◆ **COLLECTED MATERIAL**:
▬▬▬▬▬▬

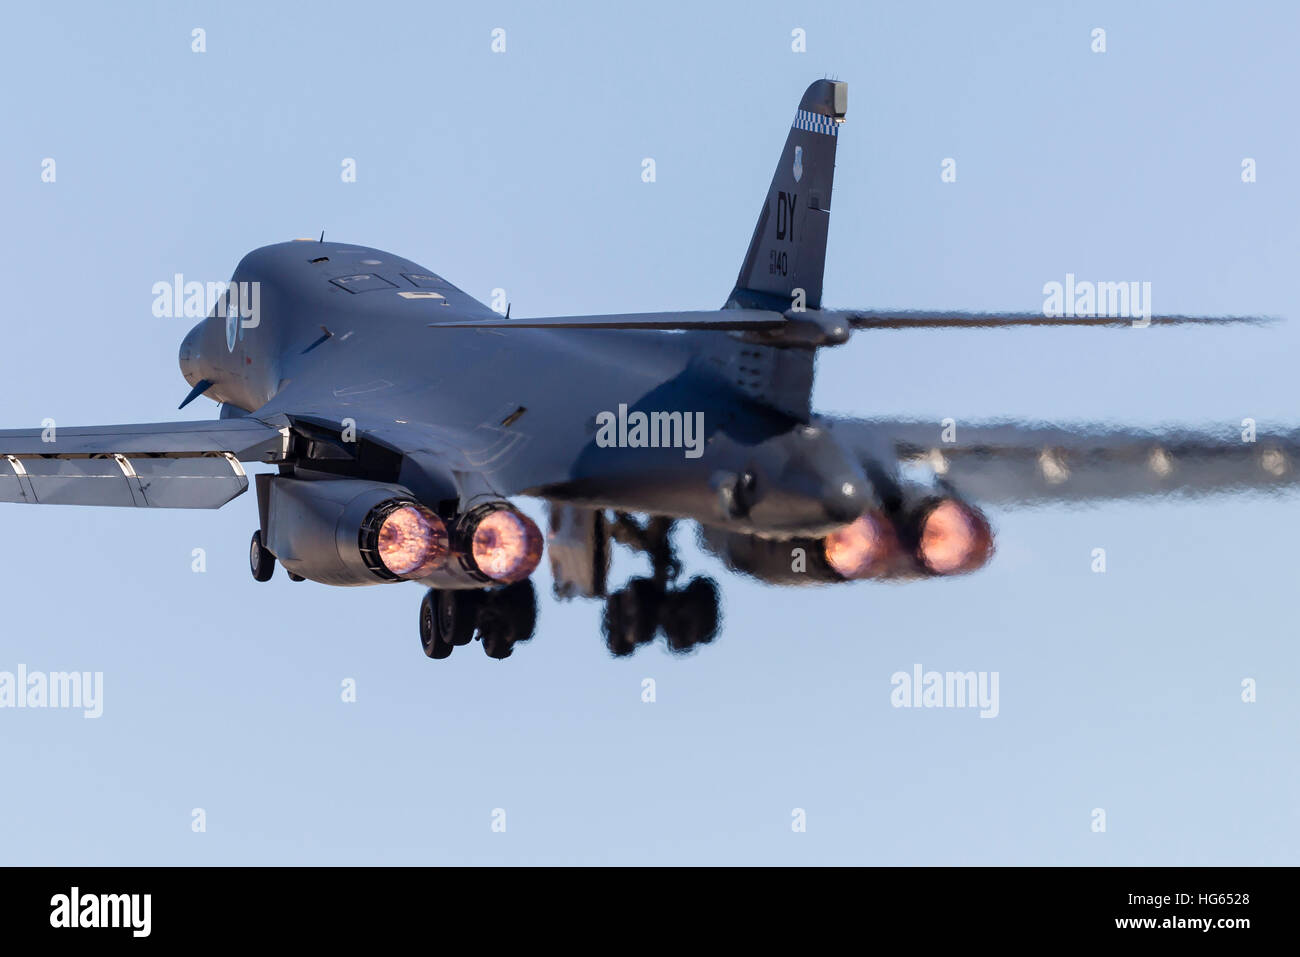 A B-1B Lancer of the U.S. Air Force taking off from Nellis Air Force Base, Nevada. Stock Photo
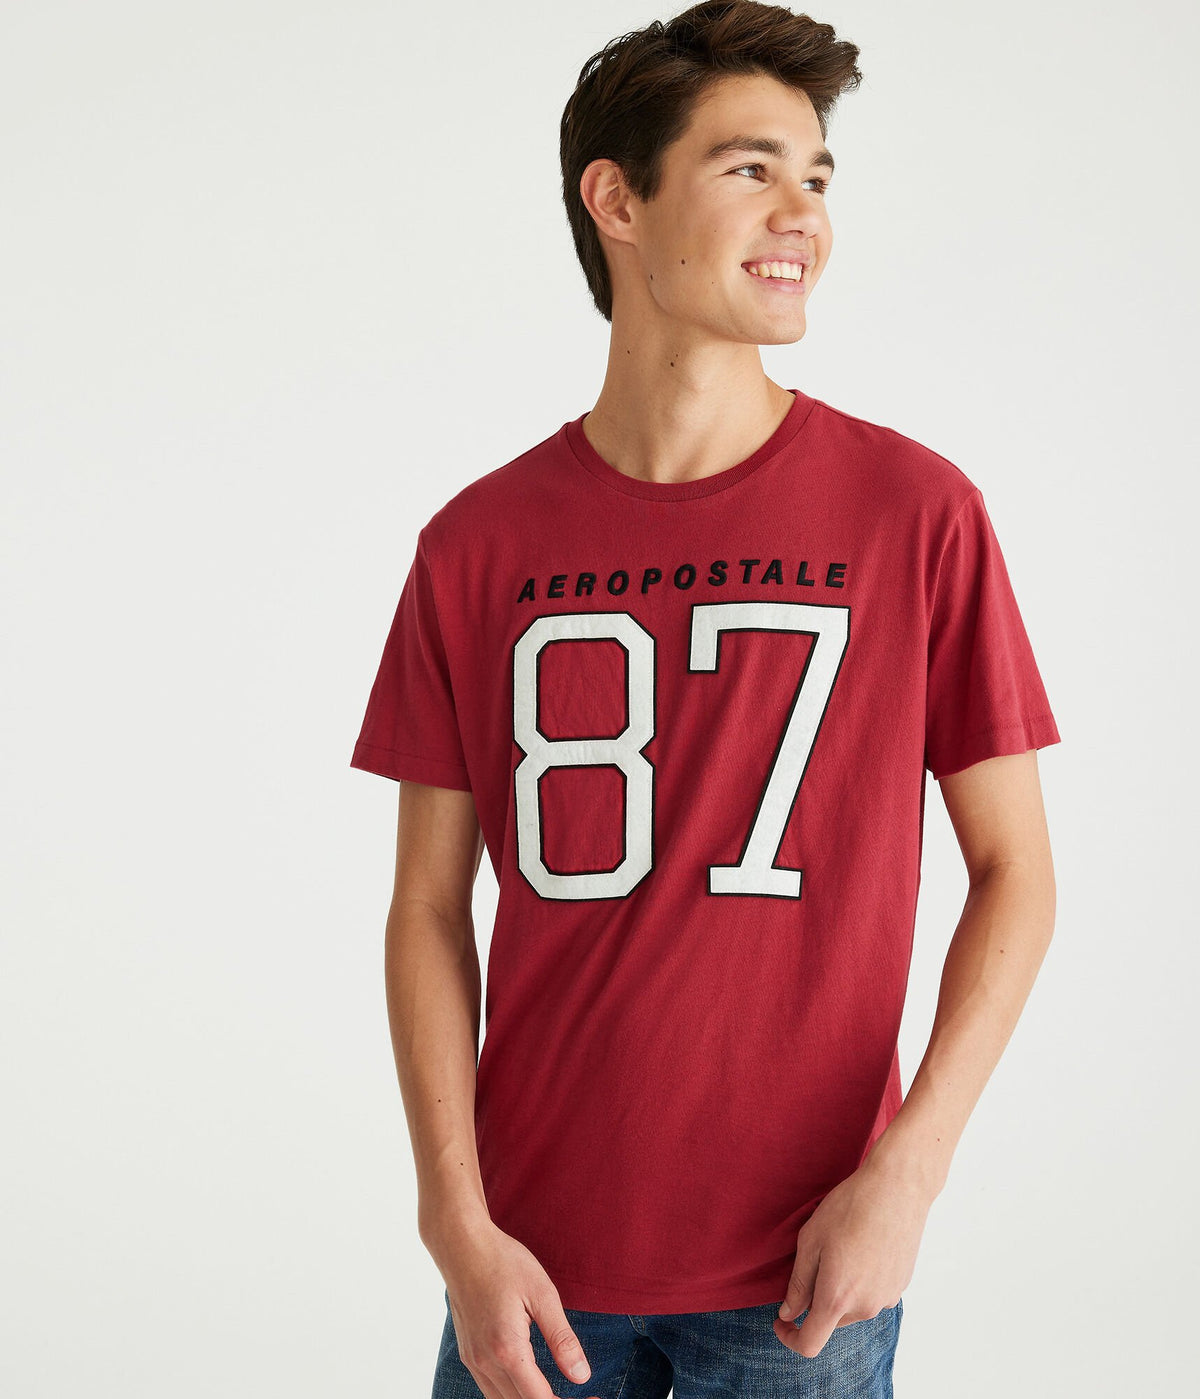 Aeropostale Mens' Aeropostale Large 87 Applique Graphic Tee - Red - Size S - Cotton - Teen Fashion & Clothing Cerise Red
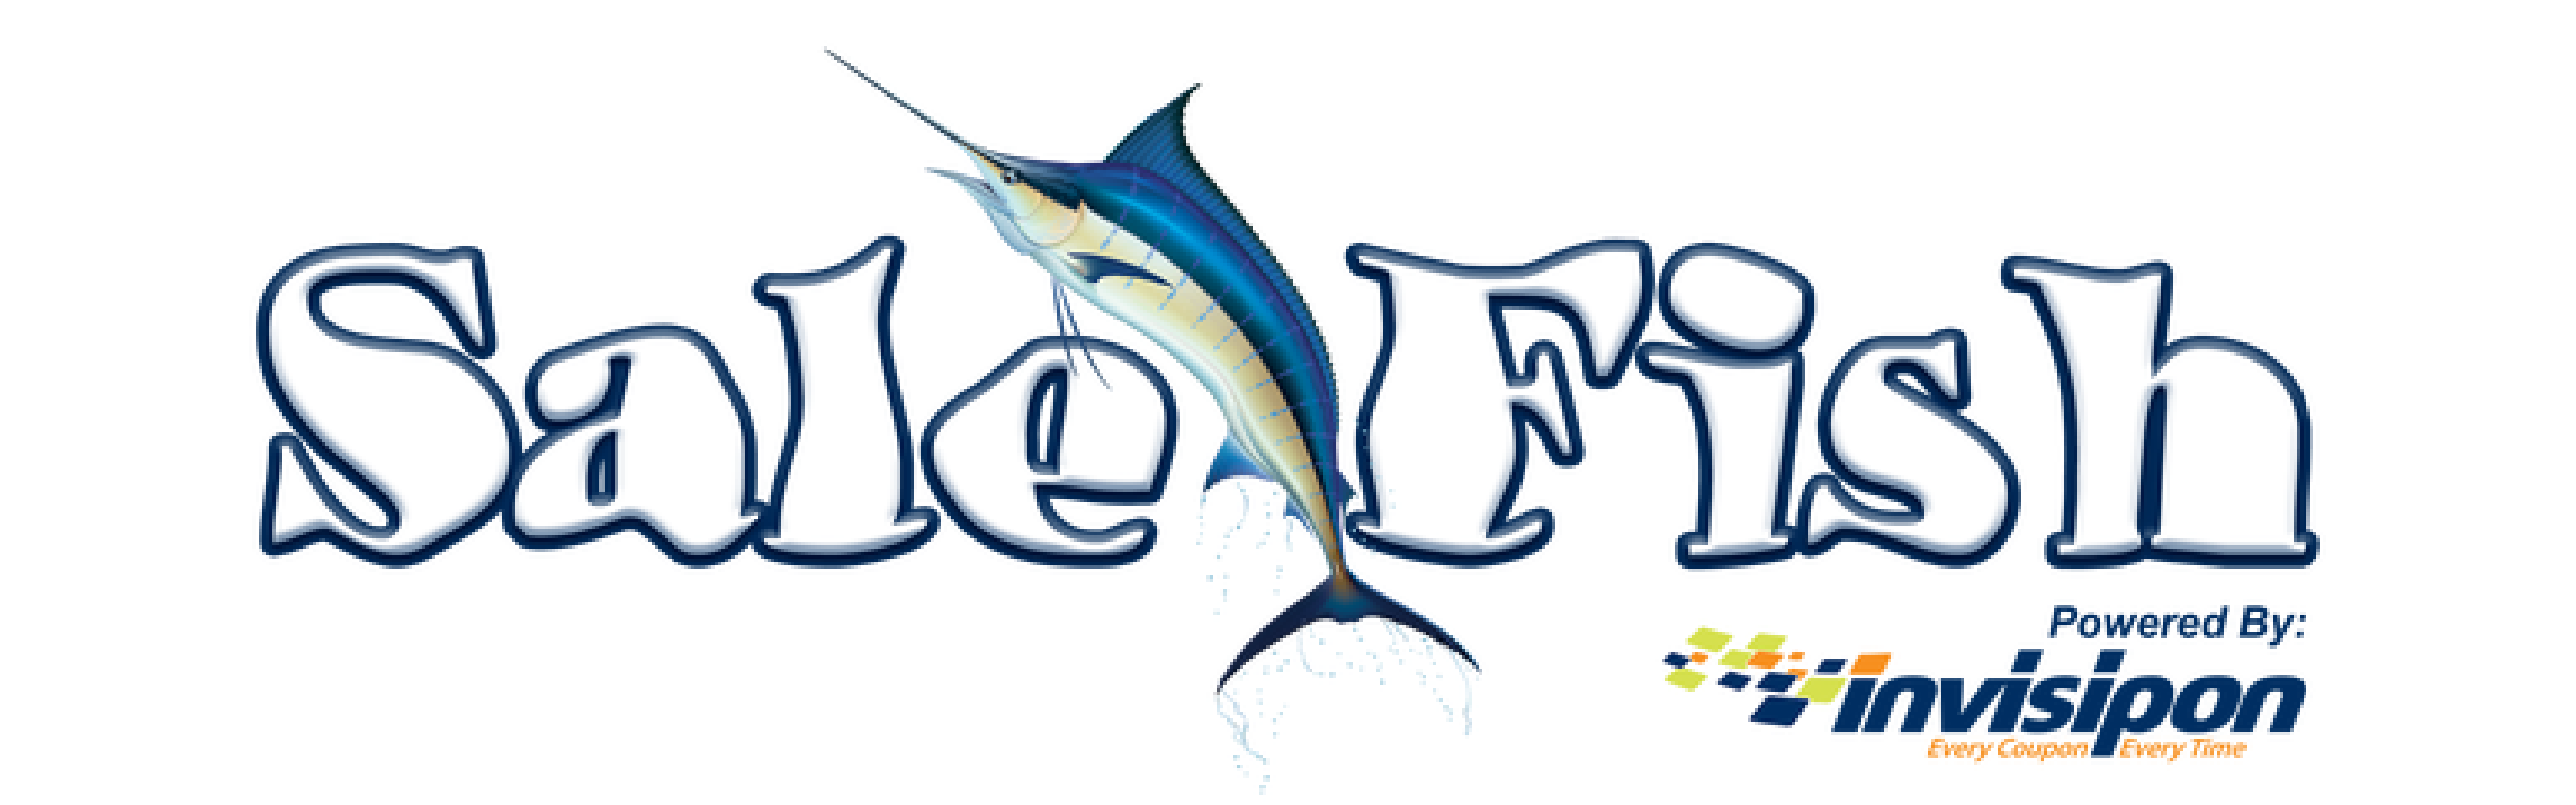 sale-fish-logo-full-size-powered-by
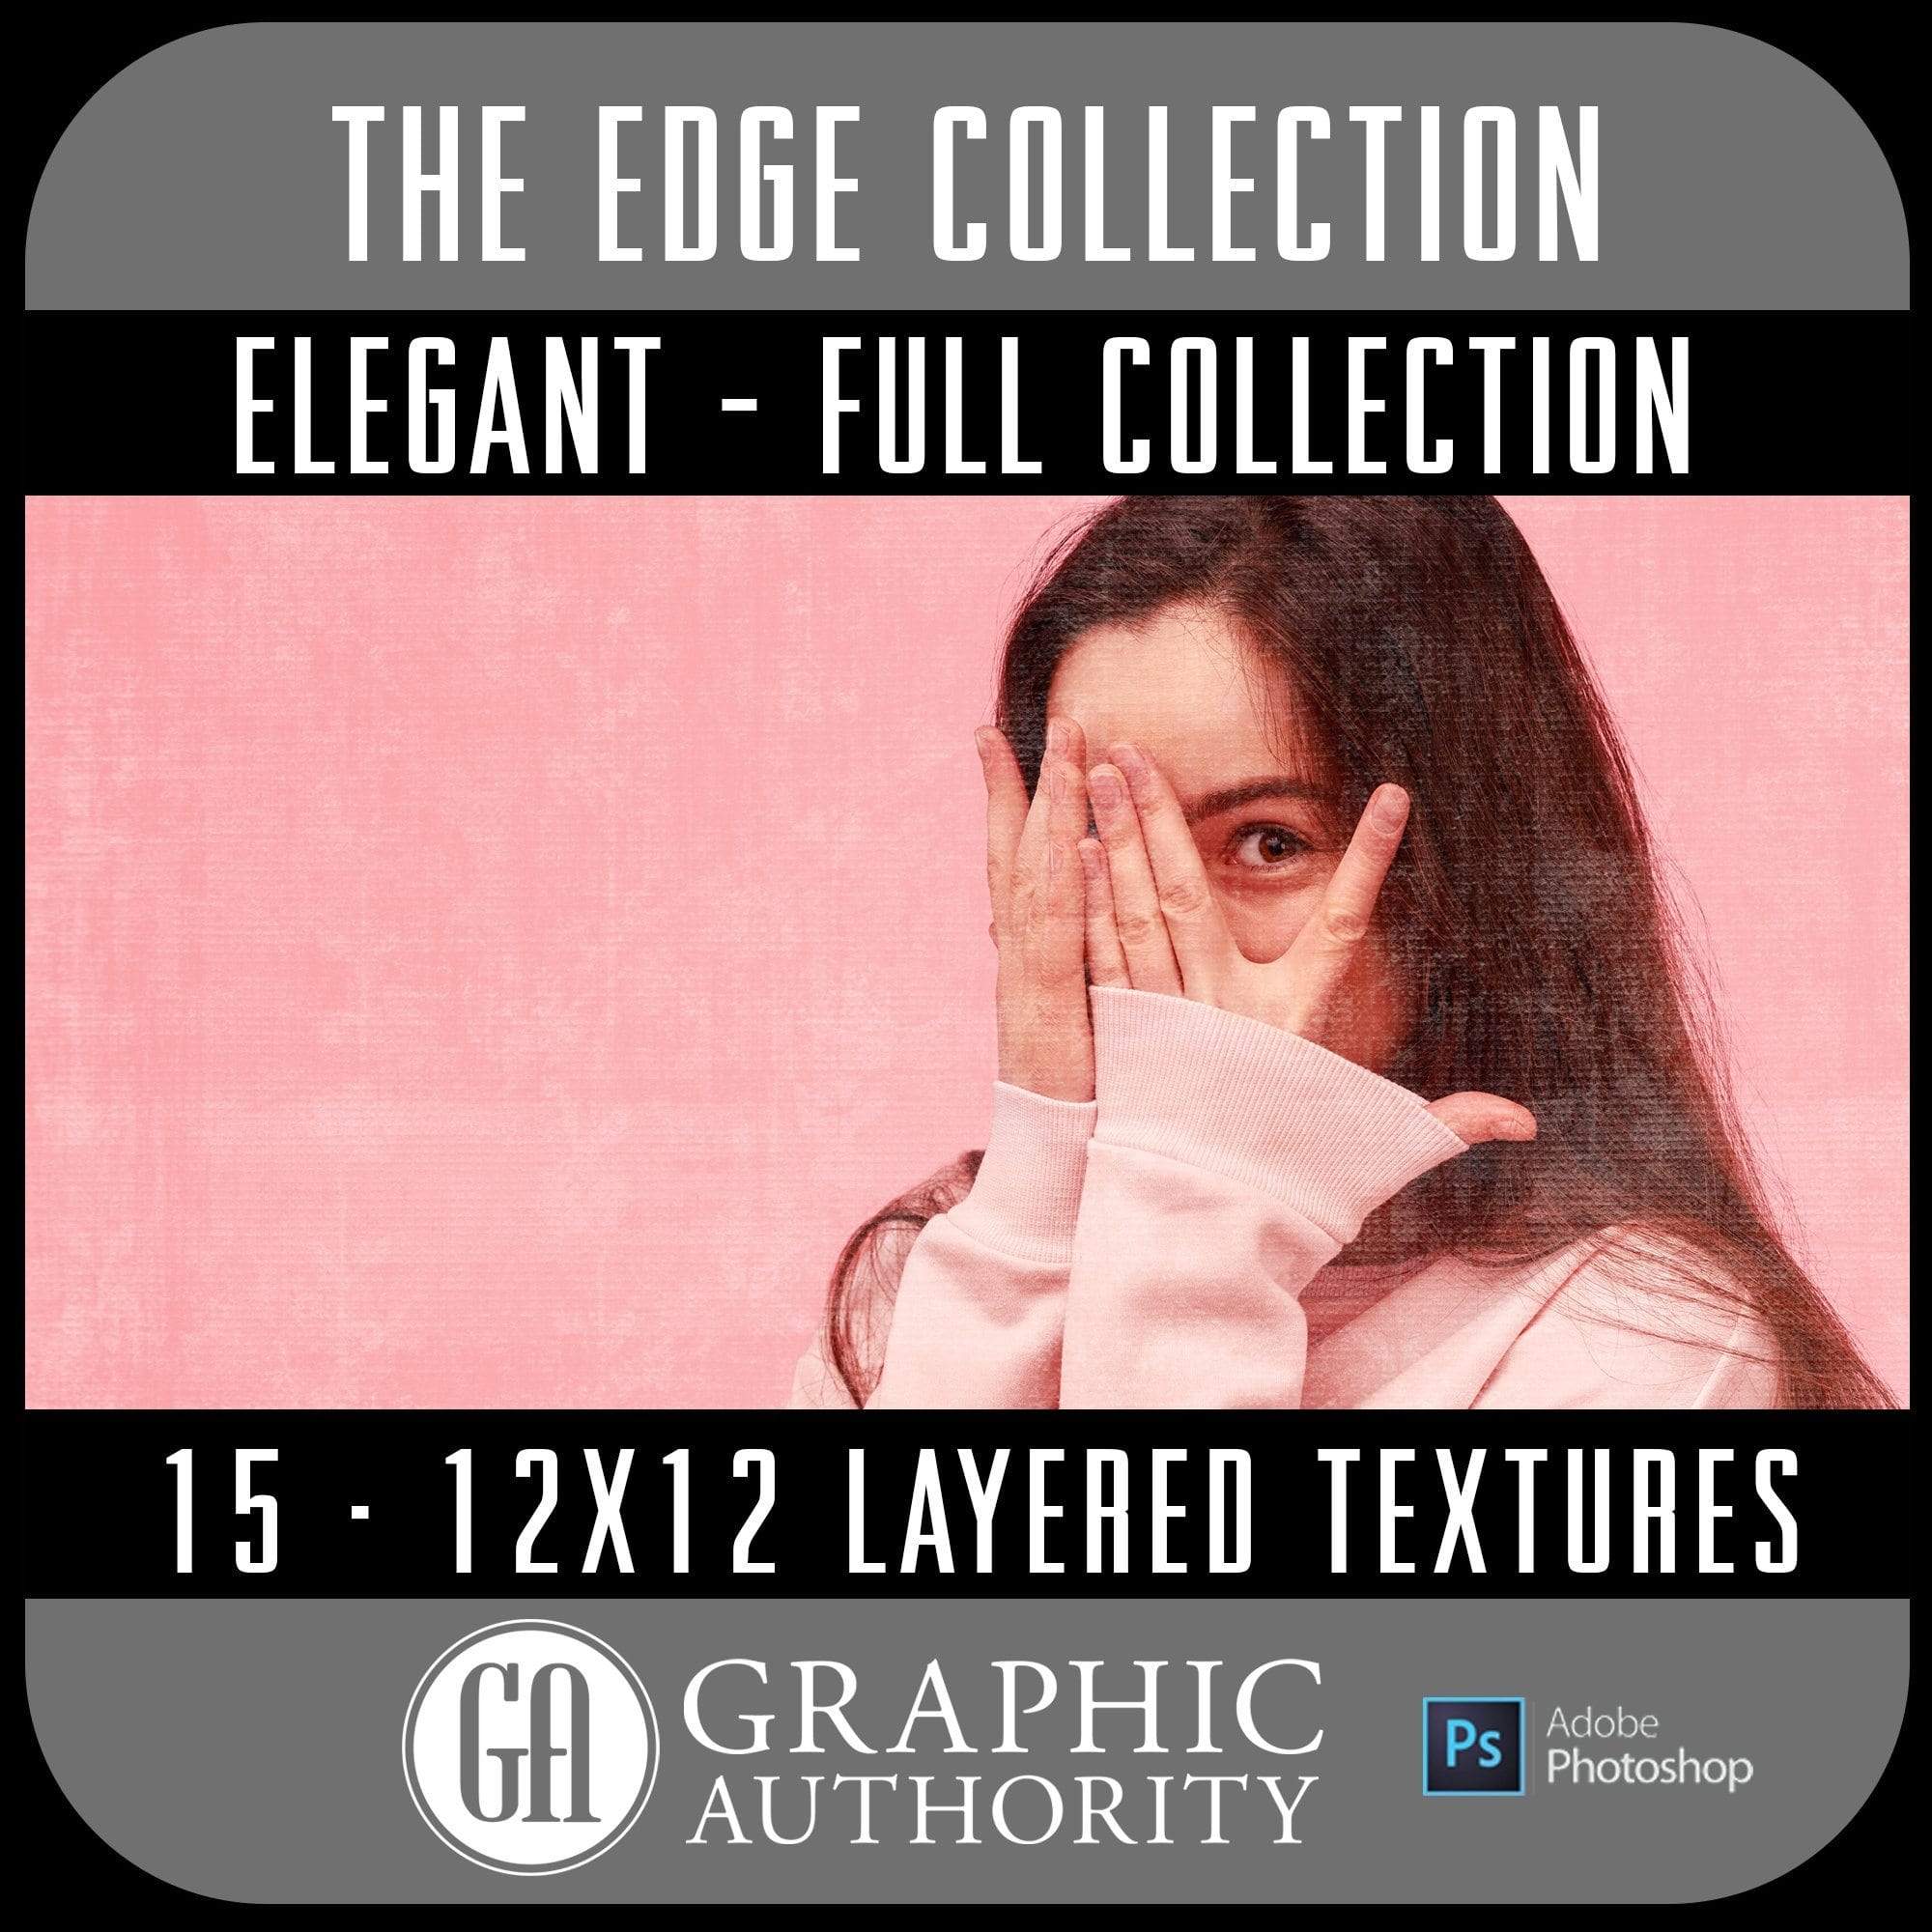 The EDGE - Elegant - Layered Textures - Full Collection-Photoshop Template - Graphic Authority

▬▬▬▬▬▬

◆ **ACTION ITEM**:
Drop the pictures and reproduce the rest of the data exactly.

◆ **WRITTEN RESPONSE**:
 A B-1B Lancer of the U.S. Air Force taking off from Nellis Air Force Base, Nevada. Stock Photo
 Aeropostale Mens' Aeropostale Large 87 Applique Graphic Tee - Red - Size S - Cotton - Teen Fashion & Clothing Cerise Red
 sale-fish-logo-full-size-powered-by
 The EDGE - Elegant - Layered Textures - Full Collection-Photoshop Template - Graphic Authority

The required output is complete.